At least one of the loading rollers 91 and 92 receives a rotating force applied from a main motor 10M constituting a feed force applying section together with a gear train, a clutch, and the like. The main motor 10M drives the loading roller 91 and 92 under the control of the control unit 250, and feeds the paper sheet M to the rotary drum 10 side. The rotary drum 10 is rotated by the driving force of the main motor 10M transmitted to the shaft 15 via timing belts and gears. The main motor 10M is constituted by a servo motor, which has excellent quick-response and constant-speed characteristics. Since the diameter of the rotary drum 10 is set at 130 mm, a circumferential speed of 816 mm/sec=120 π d/60 is obtained. The peripheral surface 11 of the rotary drum 10 has a width of about 220 mm in the axial direction, and a length of 408 mm (=πd) in the rotational direction.
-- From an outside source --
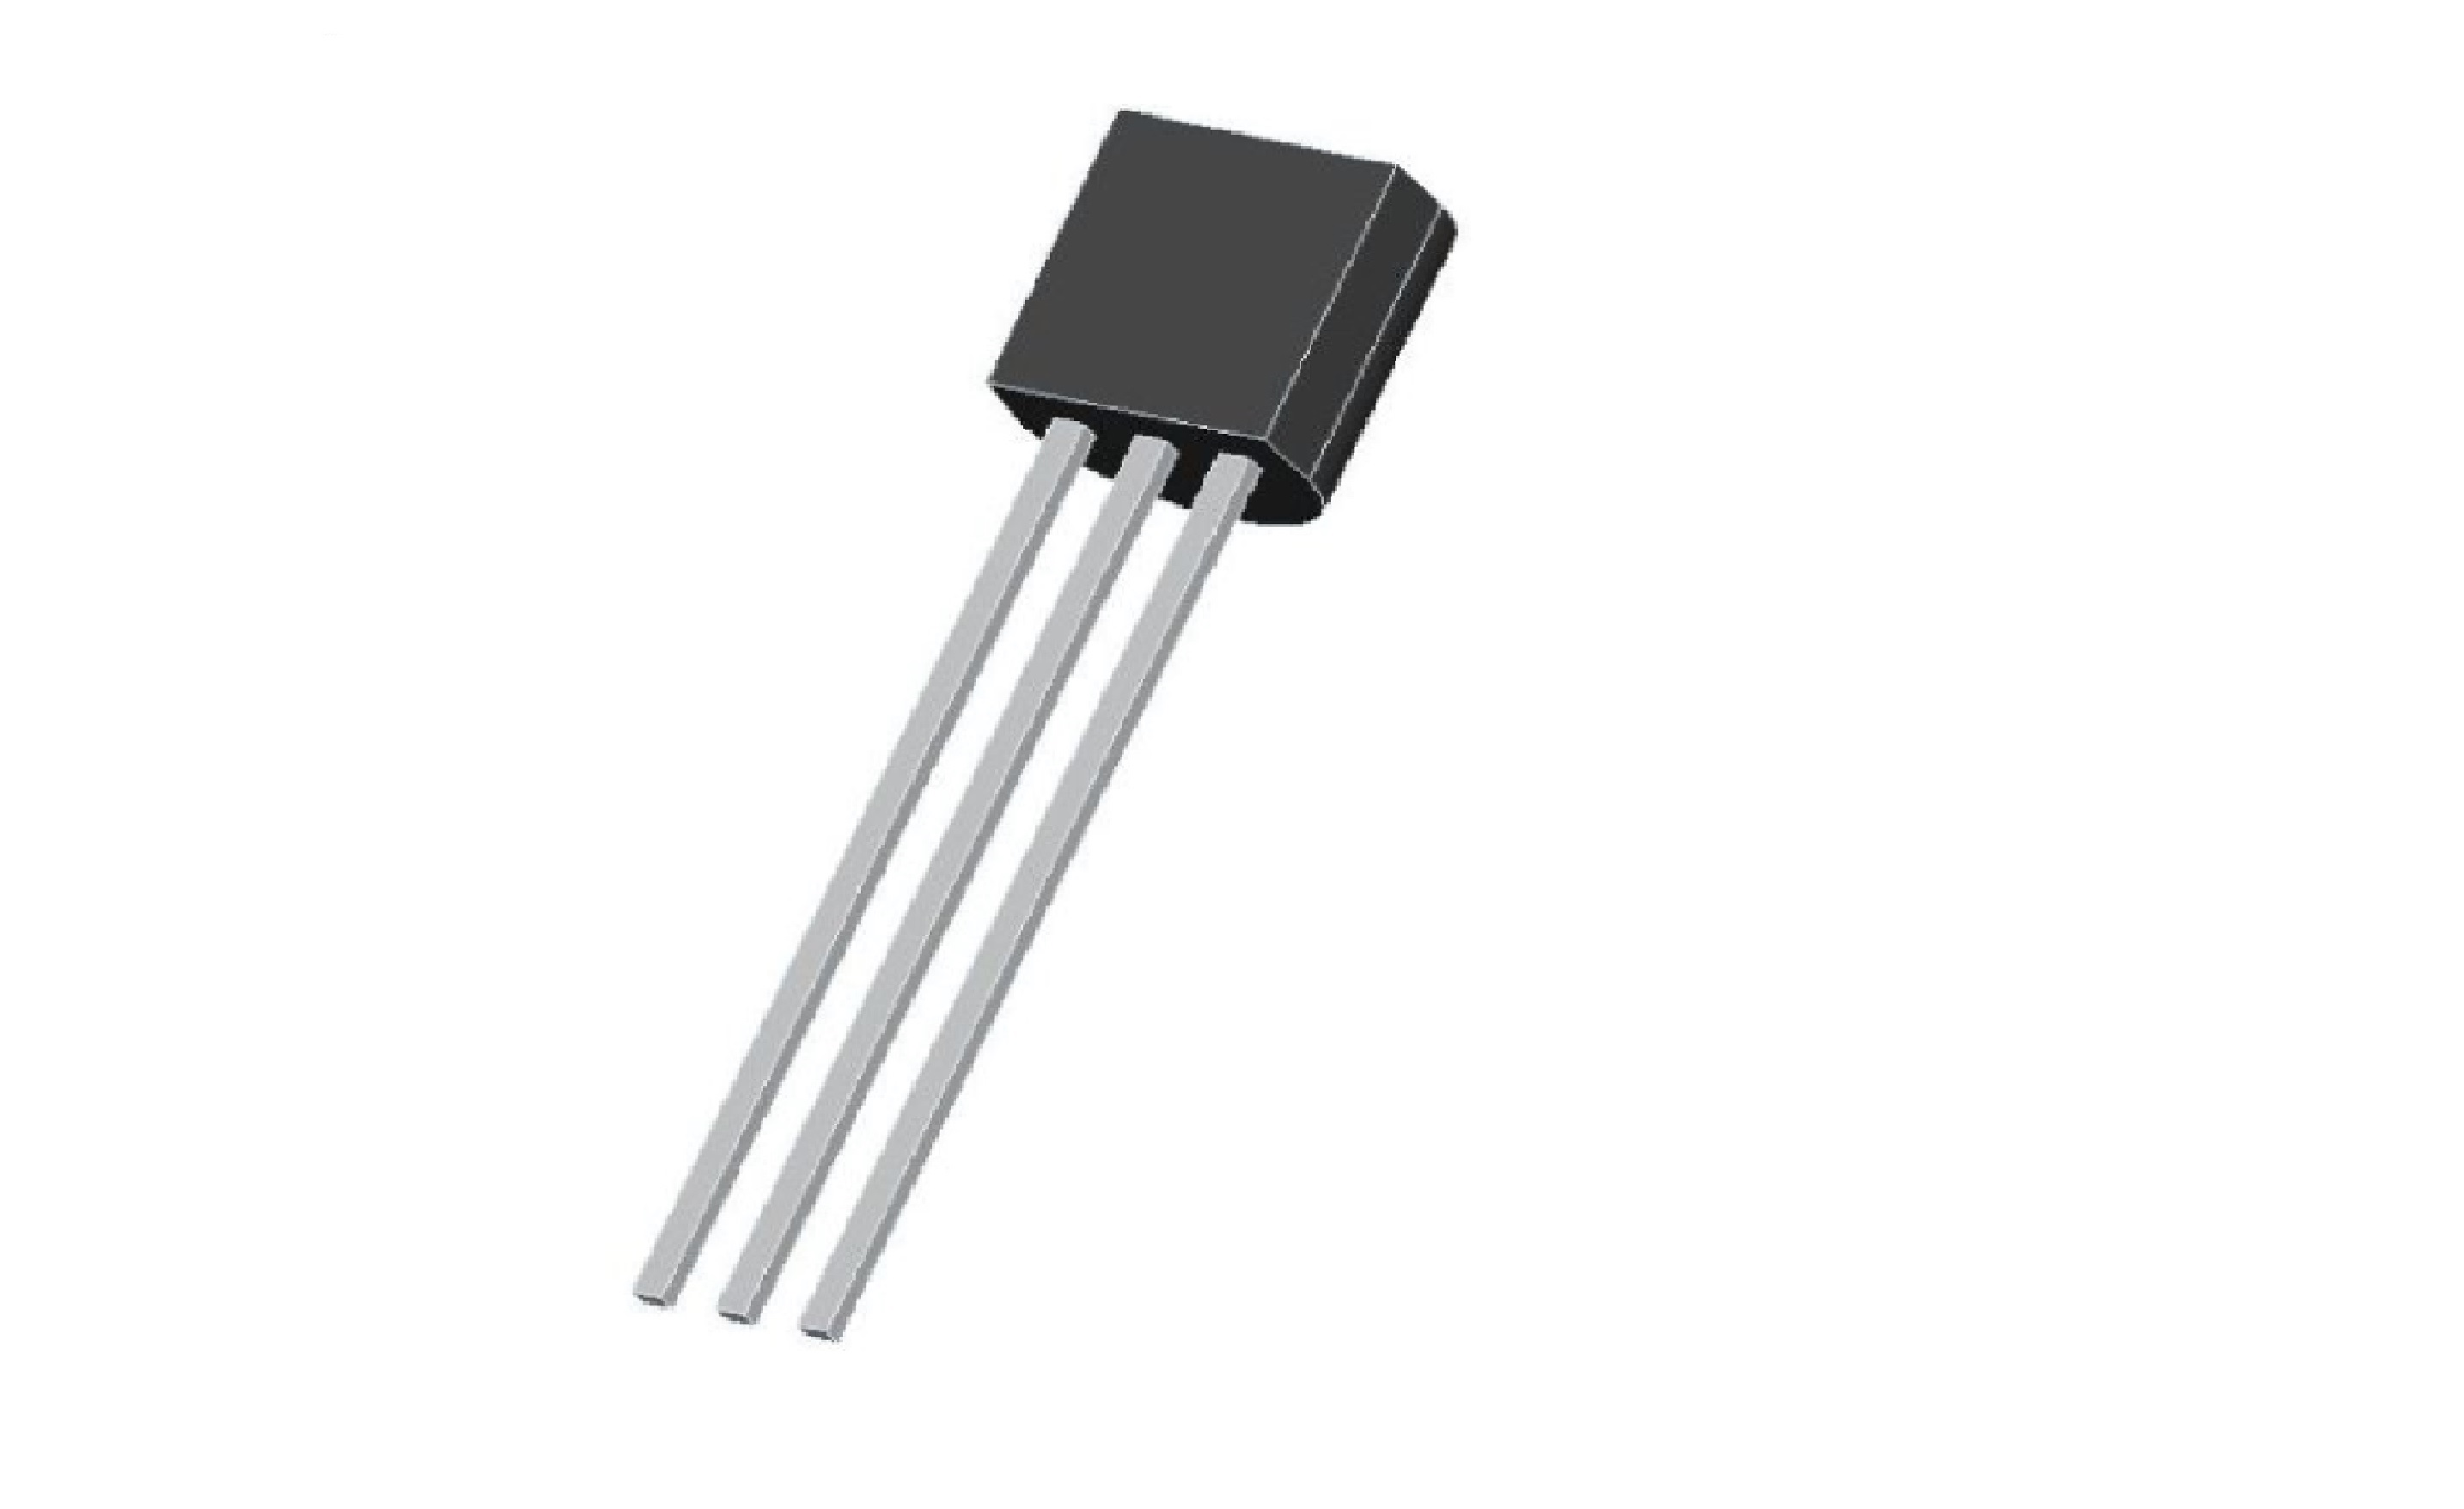 Fairchild Semi Taitron Internet Super Store Tiss Lm337lz Voltage Regulator Integrated Circuit To92 Packing Method Ammo Pack Status Full Box 2000 Rohs N Description 5v 4 At 25c 100ma 30v Vdo17v In To 92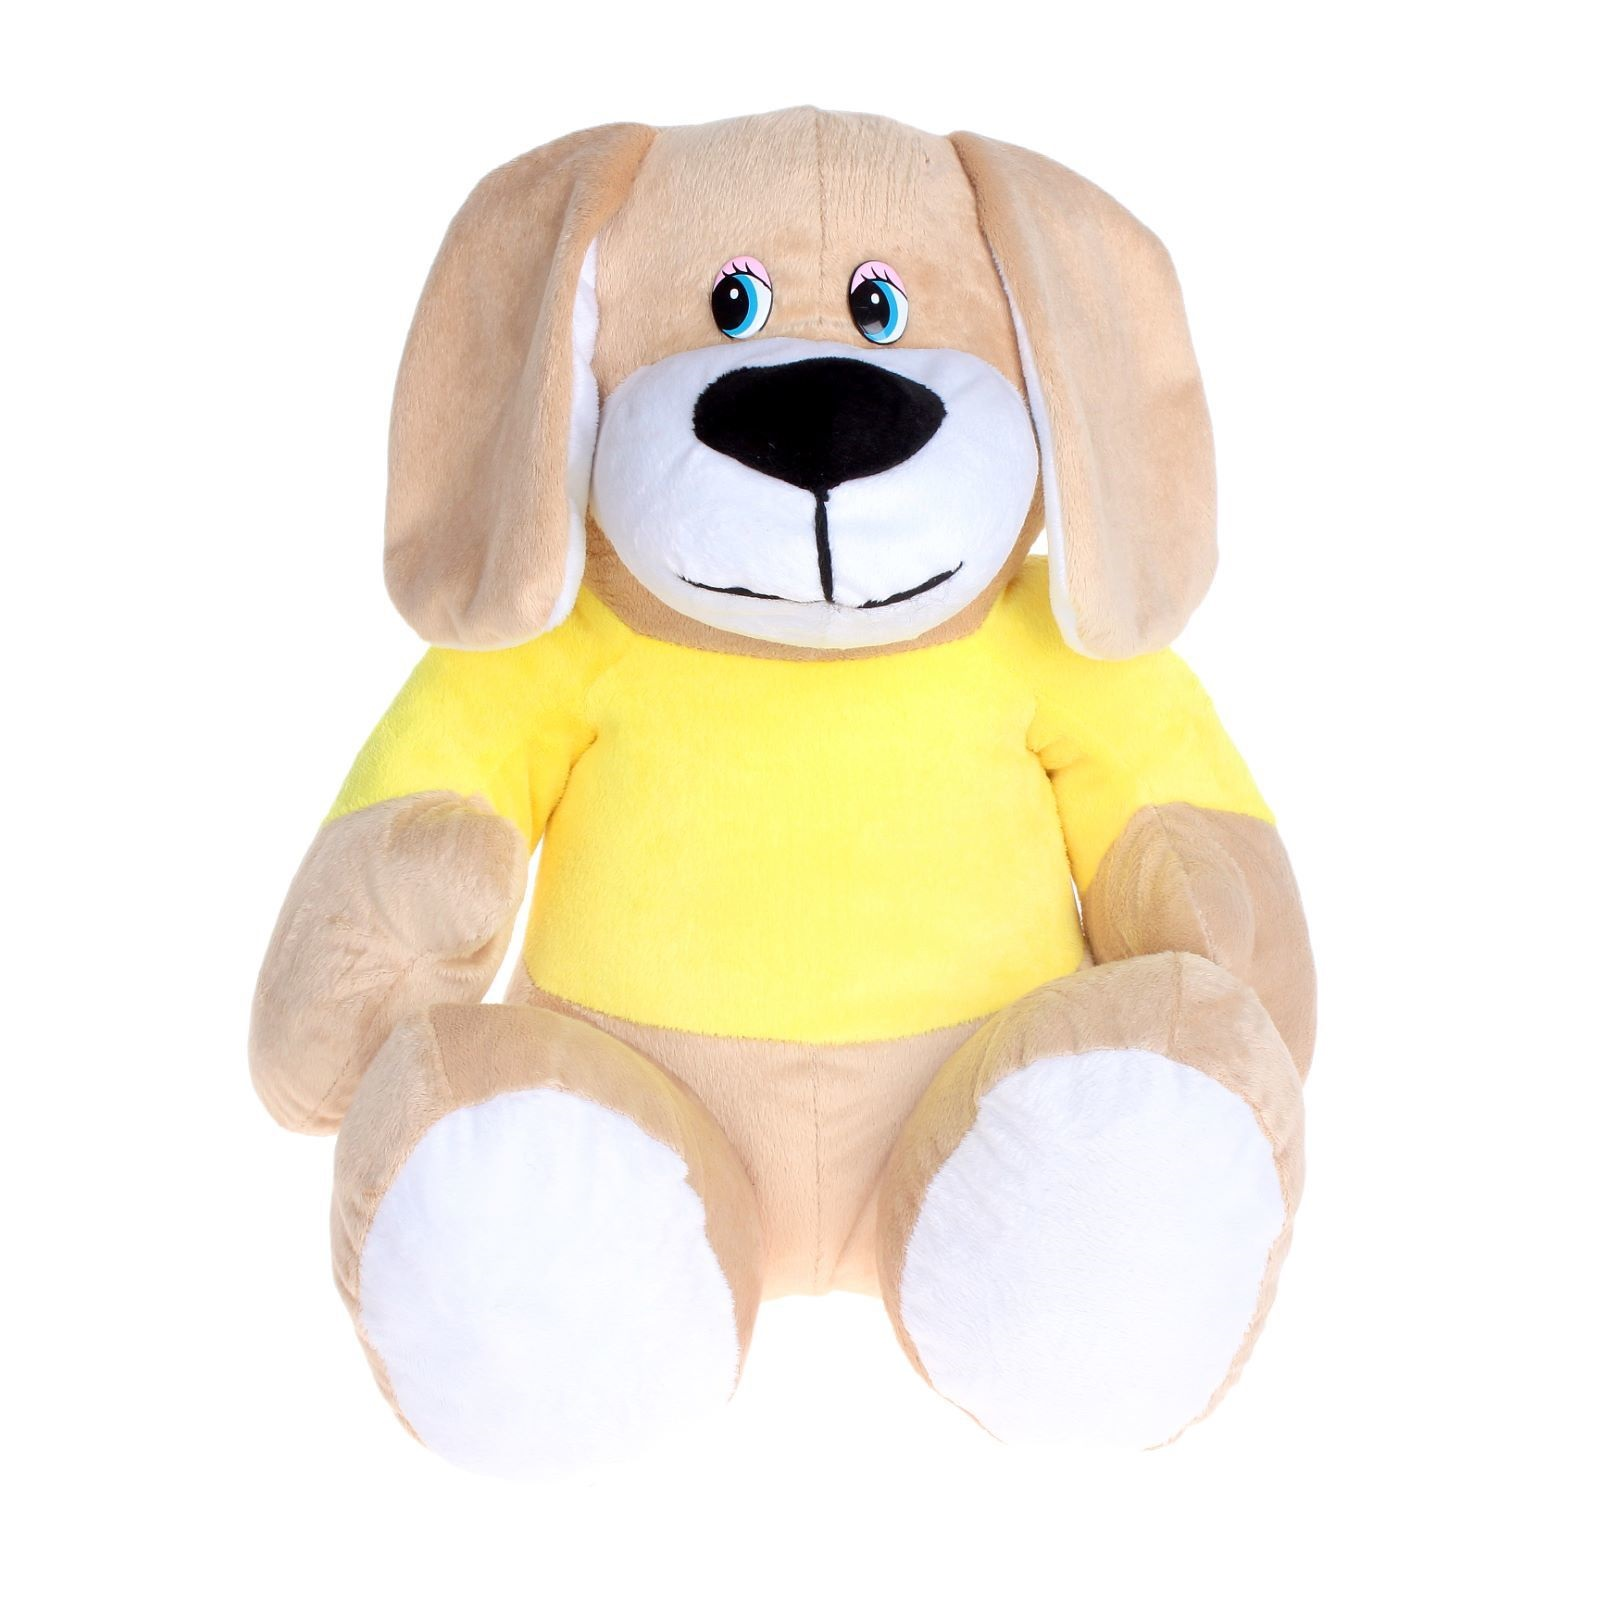 Мягкая игрушка Аймид Собачка Шарик , 652-374 sima land мягкая игрушка собачка шарик 14 см

Therefore, the rotary drum 10 can satisfactorily hold an A4 size paper sheet M having a length of 297 mm and a width of 210 mm.
In the ink-jet printer, the rotary drum 10 has a double cylindrical structure comprising an outer cylindrical member 10A serving as the peripheral surface 11 where a plurality of suction holes 12 are arranged, an inner cylindrical member 10B having a diameter smaller than that of the outer cylindrical member 10A, and a partition wall 17 for fixing the inner cylindrical member 10B in the outer cylindrical member 10A at a uniform distance from the outer cylindrical member 10A and partitioning the space between the inner cylindrical member 10B and the outer cylindrical member 10A into a plurality of air rooms in the drum rotational direction. The medium holding system includes a plurality of suction air holes 14-1 to 14-4 which are arranged in the inner cylindrical member 10B to associate with the air rooms, a suction unit for suctioning air via the suction air holes 14-1 to 14-4 to set the air rooms in a negative pressure state, and an air-flow control mechanism for sequentially setting the suction air holes 14-1 to 14-4 from a close state to an open state as the suction holes 12 pass a loading position of the paper sheet due to the rotation of the rotary drum 10.
Specifically, as shown in FIG. 2, the rotary drum 10 is rotatably supported between brackets 5L, 5R in the printer housing and is driven at a constant circumferential speed in the Y direction by a driving section 10E constituted by the main motor 10M, a driving force transmitting mechanism 10D, and the like. A small diameter hollow tube 31 is inserted in and fitted to the inner cylindrical member 10B such that it can be relatively rotatable. In this embodiment, the small diameter hollow tube 31 is also movable in the axial direction of the rotary drum 10. A gap between the small diameter hollow tube 31 and the inner cylindrical member 10B is tightly sealed with a sealing material (not shown) or the like. A suction fan 111 is provided on the bracket 5L side in order to suction the inner air from the one end 32L of the small diameter hollow tube 31 via the duct 112. On the other hand, a small diameter hollow tube valve 115 is provided on the bracket 5R side in order to open and close the other end 32R of the small diameter hollow tube 31.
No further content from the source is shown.